Était ? Tout s’éclaircit petit à petit, son prénom comme son teint halé et ses yeux verts.
— J’pourrai pas en dire plus sur son choix, j'ai pas grandi près d'elle, confie-t-il avec un regard rempli de peine.
— Je suis désolée pour vous, grandir sans sa maman doit être une épreuve terrible.
— J'ai pas eu le choix, mais passons.
Je pose une main délicate sur sa joue pour aider à faire passer ce moment. Il embrasse mon poignet mais son regard démontre son affliction.
Je sais à quel point il est difficile de plonger dans les méandres du passé, je respecte le fait qu’il ne souhaite pas en dire plus. Cela me semble normal.
— Tout à l’heure, lorsque vous étiez dans la cage d’escalier alors que Judith était encore là, mes doigts se sont mis à briller, si au début j’ai cru qu’elle les avait vu, finalement non.
Si j’affirme cela c’est que je connais que trop bien le caractère de Judith et qu’il est certain qu’elle serait encore ici pour me poser des questions. Enfin, vu comment Jules l’a fait partir, pas sûre.
Il m'écoute, comme toujours, sans m'interrompre, je continue :
— Elle avait les yeux dessus, je ne sais pas comment elle n’aurait pas pu s’en rendre compte, vous pensez que nous sommes les seuls à être capable de les voir ?
— Eh bien, vu ce qu’vous me dites, j’ai envie d’vous dire oui. Et ça change tout !
Je lui demande s’il en a parlé à quelqu’un de son entourage, il me dit que oui, Rita, une femme qui vivrait chez lui et s’occuperait de la maison et celle qu'il considère comme sa famille, je m’en souviens. Je n’ai pas cherché à en savoir plus car j’ai une question qui me taraude l’esprit depuis un moment.

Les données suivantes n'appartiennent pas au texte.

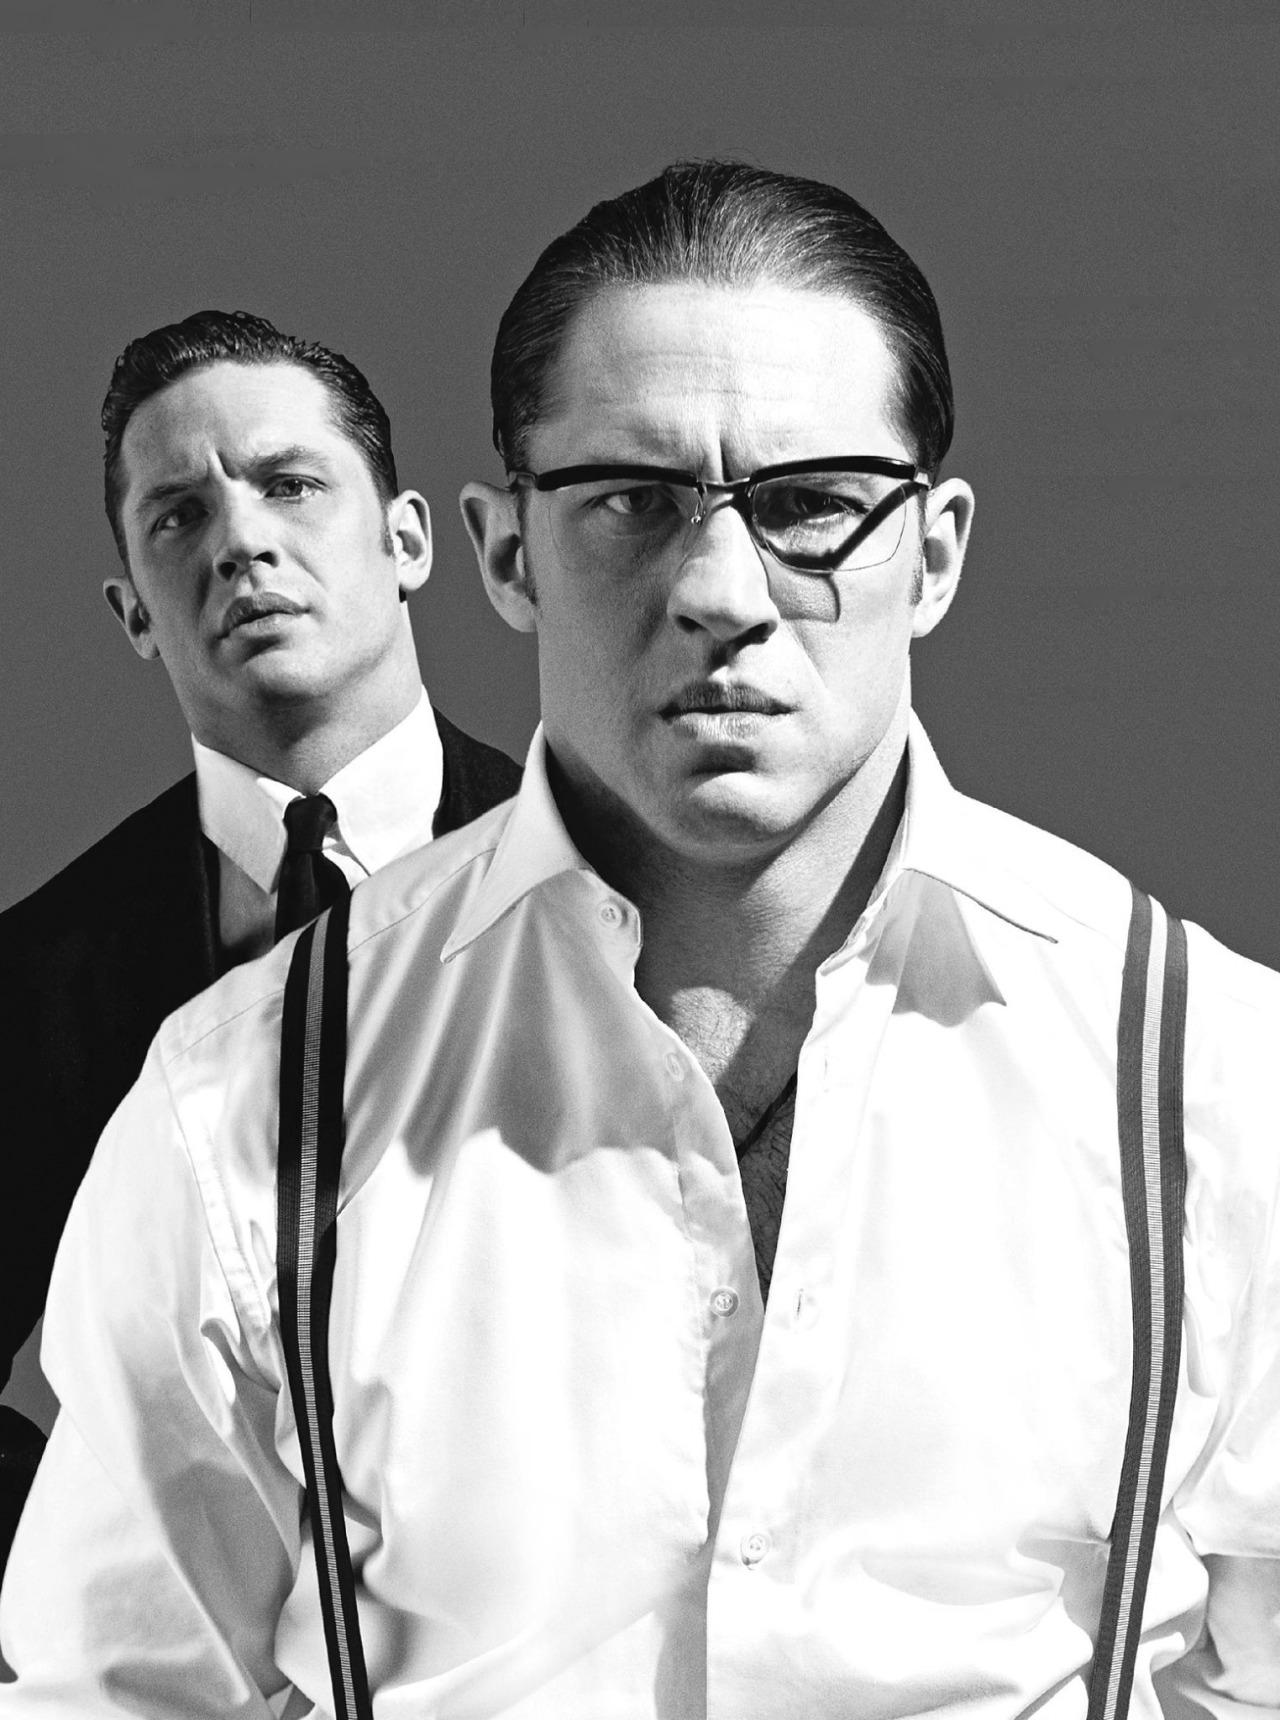 Том Харди и Том Харди: фотосессия для The Sunday Times, посвященная гангстерской драме «Легенда»  #КПлюбуется http://t.co/yhww32Kqpo
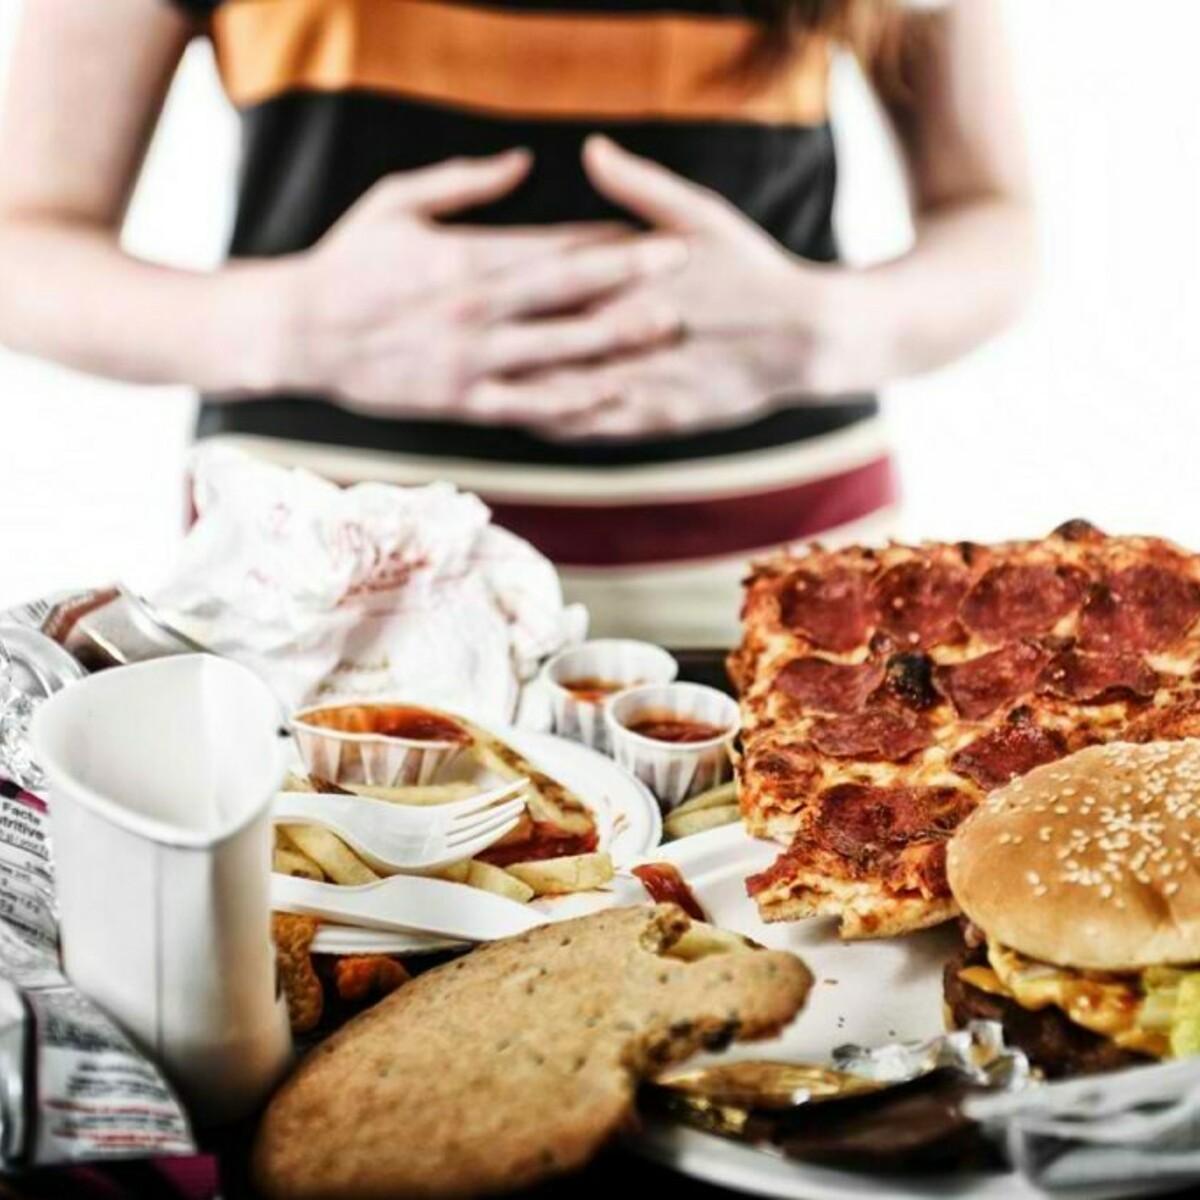 Una dieta povera di grassi rallenta lo sviluppo dei tumori

— Jules, pourquoi n’avez-vous pas répondu à Judith ?
— Pourquoi ? J'aurais dû le faire ?
— Non, ma vie ne la regarde en rien, mais vous n’avez pas un tempérament à laisser les choses glisser, je me trompe ?
— Ahah, non, vous vous trompez pas, c’est à cause de vous Kira.
— De moi ? Mais qu’ai-je fait ? m’exclamé-je par tant l’incompréhension qu’il m’accuse.
— Oui, de vous, vous avez rien fait, mais j’ai vu votre visage contrit. En rajouter m’aurait fait passer pour une personne jouissant de l’anxiété des autres, j’prétends pas être un type bien, mais ça, c'est pas moi.
Je me surprends à resserrer sa main par ce que j’entends. Même si Judith n’est pas un danger, c’était pour lui une manière de me protéger. Je me sens tout émue par son attention si délicate.
Au fil de la soirée, à chaque baiser, nos petites étoiles brillantes revenaient nous voir. Comme pour nous signifier quelque chose, mais quoi ? Nous sommes de moins en moins surpris de les voir apparaître, un jour peut-être, il sera devenu normal de partager ces moments avec elles, qui sait.